Now, given the topics matrix, this function returns the distribution over the most frequent words in each topic.

In [28]:
def explain_topics(topics):
    print("----------------- TOPIC 1 ---------------------")
    indx = topics[:,0].argsort()[-10:][::-1]
    tot = np.sum(topics[:,0])
    print(index_to_word[indx_map[indx[0]]], 1000*topics[indx[0],0]/tot)
    print(index_to_word[indx_map[indx[1]]], 1000*topics[indx[1],0]/tot)
    print(index_to_word[indx_map[indx[2]]], 1000*topics[indx[2],0]/tot)
    print(index_to_word[indx_map[indx[3]]], 1000*topics[indx[3],0]/tot)
    print(index_to_word[indx_map[indx[4]]], 1000*topics[indx[4],0]/tot)
    print(index_to_word[indx_map[indx[5]]], 1000*topics[indx[5],0]/tot)
    print(index_to_word[indx_map[indx[6]]], 1000*topics[indx[6],0]/tot)
    print(index_to_word[indx_map[indx[7]]], 1000*topics[indx[7],0]/tot)
    print(index_to_word[indx_map[indx[8]]], 1000*topics[indx[8],0]/tot)
    print(index_to_word[indx_map[indx[9]]], 1000*topics[indx[9],0]/tot)
    print("----------------- TOPIC 2 ---------------------")
    indx = topics[:,1].argsort()[-10:][::-1] 
    tot = np.sum(topics[:,1])
    print(index_to_word[indx_map[indx[0]]], 1000*topics[indx[0],1]/tot)
    print(index_to_word[indx_map[indx[1]]], 1000*topics[indx[1],1]/tot)
    print(index_to_word[indx_map[indx[2]]], 1000*topics[indx[2],1]/tot)
    print(index_to_word[indx_map[indx[3]]], 1000*topics[indx[3],1]/tot)
    print(index_to_word[indx_map[indx[4]]], 1000*topics[indx[4],1]/tot)
    print(index_to_word[indx_map[indx[5]]], 1000*topics[indx[5],1]/tot)
    print(index_to_word[indx_map[indx[6]]], 1000*topics[indx[6],1]/tot)
    print(index_to_word[indx_map[indx[7]]], 1000*topics[indx[7],1]/tot)
    print(index_to_word[indx_map[indx[8]]], 1000*topics[indx[8],1]/tot)
    print(index_to_word[indx_map[indx[9]]], 1000*topics[indx[9],1]/tot)
    print("----------------- TOPIC 3 ---------------------")
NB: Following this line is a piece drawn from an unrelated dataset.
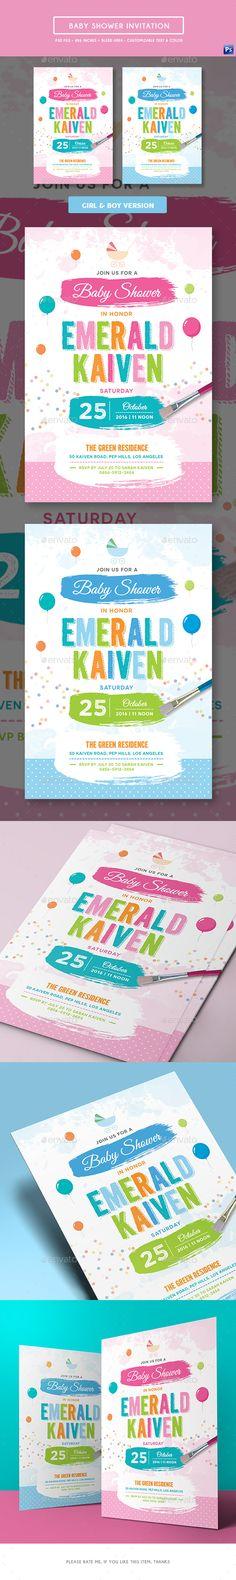 Baby Shower Invitation — Photoshop PSD #baby #birthday invitation • Available here → https://graphicriver.net/item/baby-shower-invitation/19464819?ref=pxcr

    indx = topics[:,2].argsort()[-10:][::-1] 
    tot = np.sum(topics[:,2])
    print(index_to_word[indx_map[indx[0]]], 1000*topics[indx[0],2]/tot)
    print(index_to_word[indx_map[indx[1]]], 1000*topics[indx[1],2]/tot)
    print(index_to_word[indx_map[indx[2]]], 1000*topics[indx[2],2]/tot)
    print(index_to_word[indx_map[indx[3]]], 1000*topics[indx[3],2]/tot)
    print(index_to_word[indx_map[indx[4]]], 1000*topics[indx[4],2]/tot)
    print(index_to_word[indx_map[indx[5]]], 1000*topics[indx[5],2]/tot)
    print(index_to_word[indx_map[indx[6]]], 1000*topics[indx[6],2]/tot)
    print(index_to_word[indx_map[indx[7]]], 1000*topics[indx[7],2]/tot)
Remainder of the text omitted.